I am looking into adding variations of the code above into the test-suite ahead of enabling the vectorizing transformation, to be sure the transformation is not applied when unsafe, and that the behavior of the underlying vector library matches my interpretation of the VectorAPI.
I don't see any existing tests around the transformations already performed.
Also, I see lots of regression tests to prevent potential performance regressions, ensuring the vectorizing transformation is not missed. But I don't see any tests currently to guard against correctness issues, ensuring the transformation is not applied in unsafe cases.
I think there is groundwork to be done before this change can be made in confidence. So please do not yet commit, even if someone should approve.
That is true, but the vectoriser won't generate code that it deems unsafe (no known bounds, aliasing) and that's why I'm assuming you need the pragmas to force vectorisation in your tests.
In your example below, size is known and the compiler assumes access to the [ith] element from each pointer is sane (even though it could be undefined), and can vectorise the call inside the loop, regardless of what the original pointers had in hand.
And a variant of the code above shows that even the transformation to the vvv variant isn't safe in all cases.
Is this with pragma or without? The compiler sometimes treats pragmas as "the user said it's safe, then it probably is".
Does this code generate unsafe transformations without any pragma or forced parameters?
I am looking into adding variations of the code above into the test-suite ahead of enabling the vectorizing transformation, to be sure the transformation is not applied when unsafe, and that the behavior of the underlying vector library matches my interpretation of the VectorAPI.

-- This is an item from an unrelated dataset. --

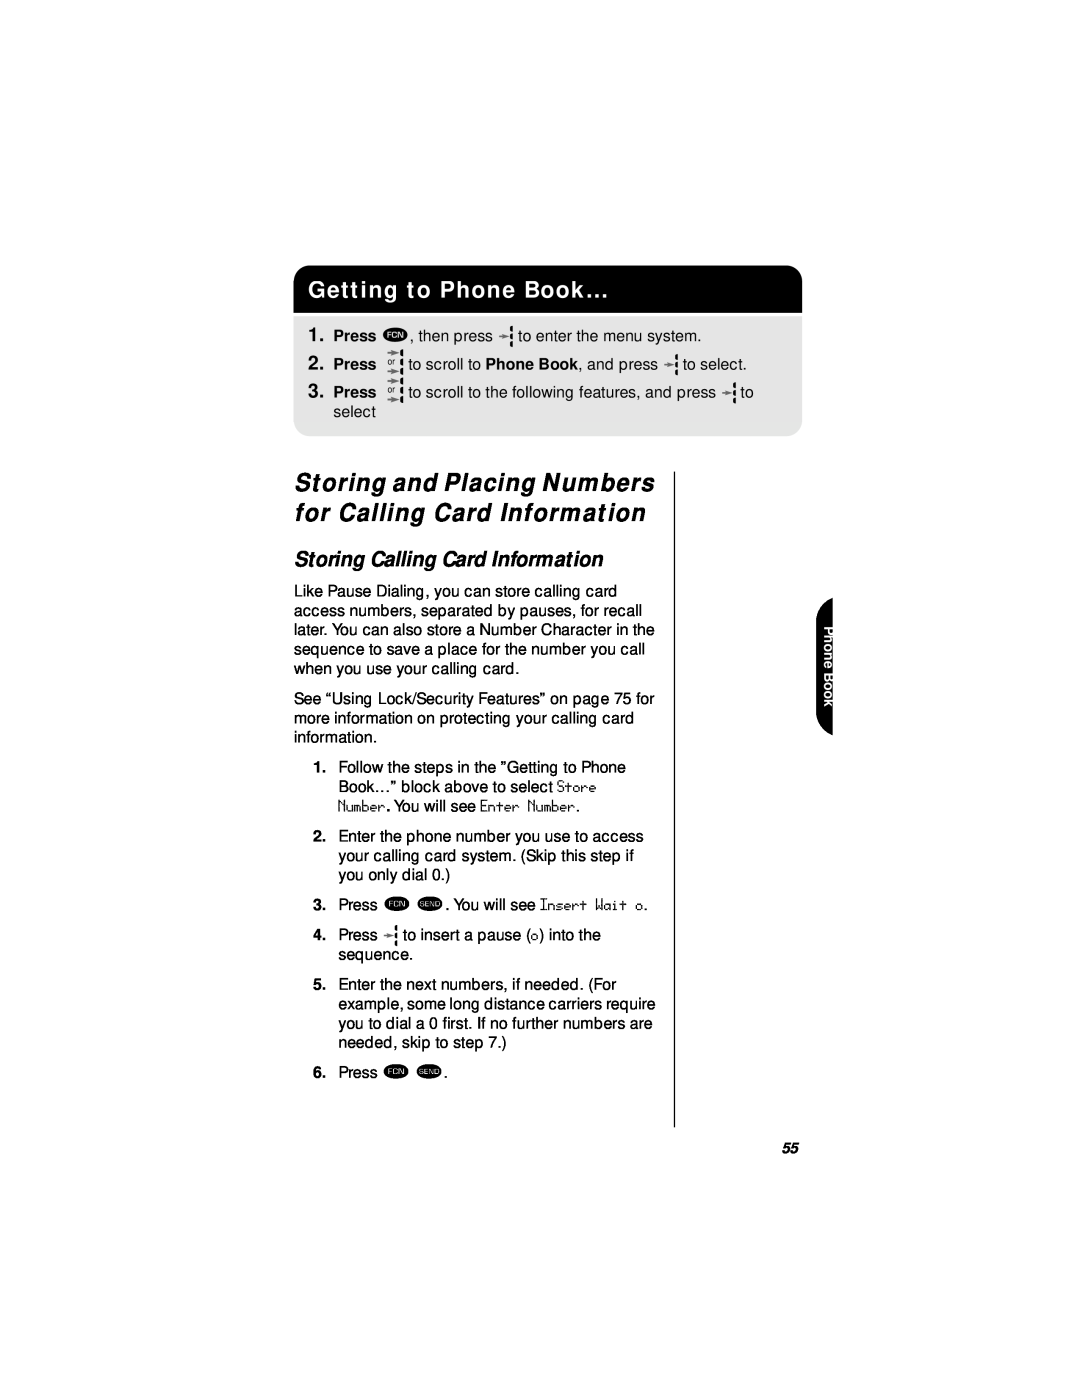 Motorola StarTAC specifications Storing and Placing Numbers for Calling Card Information, Storing Calling Card Information

I don't see any existing tests around the transformations already performed.
Awesome, thanks!
@fpetrogalli @spatel @fhahn do you know of any tests for math library vectorisation?
Also, I see lots of regression tests to prevent potential performance regressions, ensuring the vectorizing transformation is not missed. But I don't see any tests currently to guard against correctness issues, ensuring the transformation is not applied in unsafe cases.
It's harder to create adversarial tests than benign ones, unfortunately. That's not an excuse, just a fact. :)
It'd be awesome if we had more of such tests... (wink)
I think there is groundwork to be done before this change can be made in confidence. So please do not yet commit, even if someone should approve.
Ack. We usually don't merge other people's patches unless they ask for it (like those that don't have commit permissions), so we should be safe.
I have just submitted the test for the testsuite. Once that is merged, this change should also be fine to go in.
And a variant of the code above shows that even the transformation to the vvv variant isn't safe in all cases.
I must have made a mistake there, as I cannot reproduce the failure anymore.
I'm assuming you need the pragmas to force vectorisation in your tests.
The pragma is only for convenience to shorten the loop body for manual inspection. It has no other impact on the result.
We usually don't merge other people's patches unless they ask for it (like those that don't have commit permissions), so we should be safe.
I just wanted to be explicit, as further up I had already requested merging.